Aktualności
24.08.2019
Piłkarze po meczu Cracovia - Arka Gdynia
Arce nie udało się dziś zdobyć punktów w Krakowie, więc rzeczą jasną jest, że po meczu naszym piłkarzom nie dopisywał dobry humor. Zgodnie podkreślili oni, że drużyna musi mocno pracować, by w kolejnych meczach osiągnąć lepsze wyniki.
Christian Maghoma (Arka Gdynia):
- Jesteśmy w trudnej sytuacji. Musimy jednak trzymać się razem, bo cała drużyna odpowiada za wyniki. Nie winimy nikogo indywidualnie. Razem wygrywamy i razem przegrywamy. Na treningach pracujemy, dajemy z siebie wszystko, ale musimy potrafić to przenieść na spotkania ligowe. Wtedy nasza sytuacja stanie się lepsza.
Dotarły do nas opinie, że nie powinno być rzutu karnego dla Cracovii. Gdybyśmy do przerwy przegrywali tylko 0:1, to mielibyśmy większą szansę, by odrobić straty w drugiej części. Nie chcę jednak szukać wymówek, patrzymy przede wszystkim na siebie, bo na nas spoczywa odpowiedzialność za wyniki.

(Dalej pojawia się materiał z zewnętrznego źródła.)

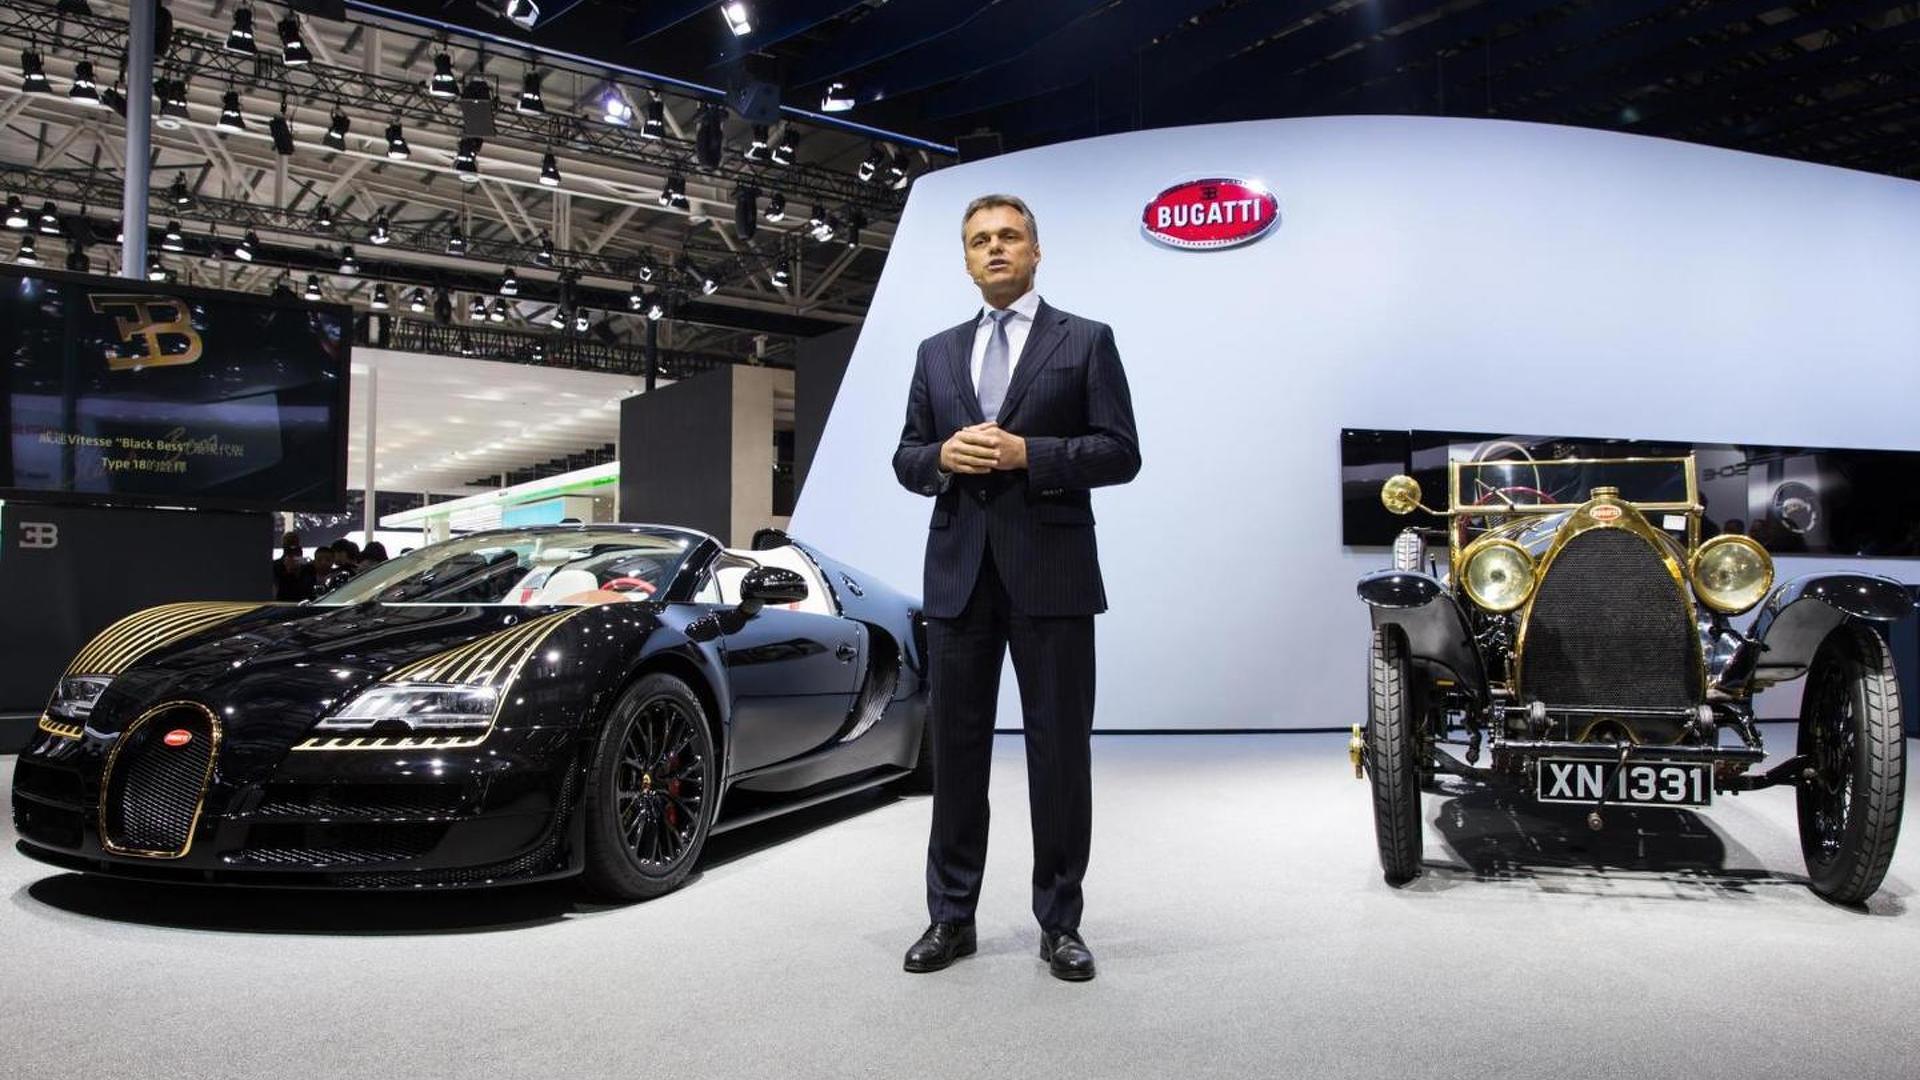 2014-470207-bugatti-veyron-grand-sport-vitesse-black-bess-live-at-auto-china1 Breathtaking Bugatti Veyron Black Bess Price Cars Trend

Davit Skhirtladze (Arka Gdynia):
- Niestety zdobyliśmy bramkę zbyt późno, przegrywaliśmy już wówczas 0:3. Nie możemy się jednak poddawać, bo sezon jest bardzo długi. W dalszym ciągu mamy przed sobą ponad 30 meczów do rozegrania. Przeanalizujemy to spotkanie i mam nadzieję, że kolejny mecz będzie lepszy w naszym wykonaniu. Musimy w kolejnych meczach osiągnąć lepsze wyniki i zdobyć punkty. Szczególnie ważny będzie najbliższy mecz, gdyż chcemy potem w dobrych nastrojach pracować w trakcie przerwy na kadrę.
Musimy grać lepiej na wyjazdach. Na boiskach rywali brakuje nam bowiem tej pewności siebie, z którą gramy na własnym stadionie. Fani wspierali nas dziś na trybunach i na pewno zasługują oni na lepszą grę z naszej strony. Koncentrujemy się na sobie i na tym, by poprawić naszą postawę.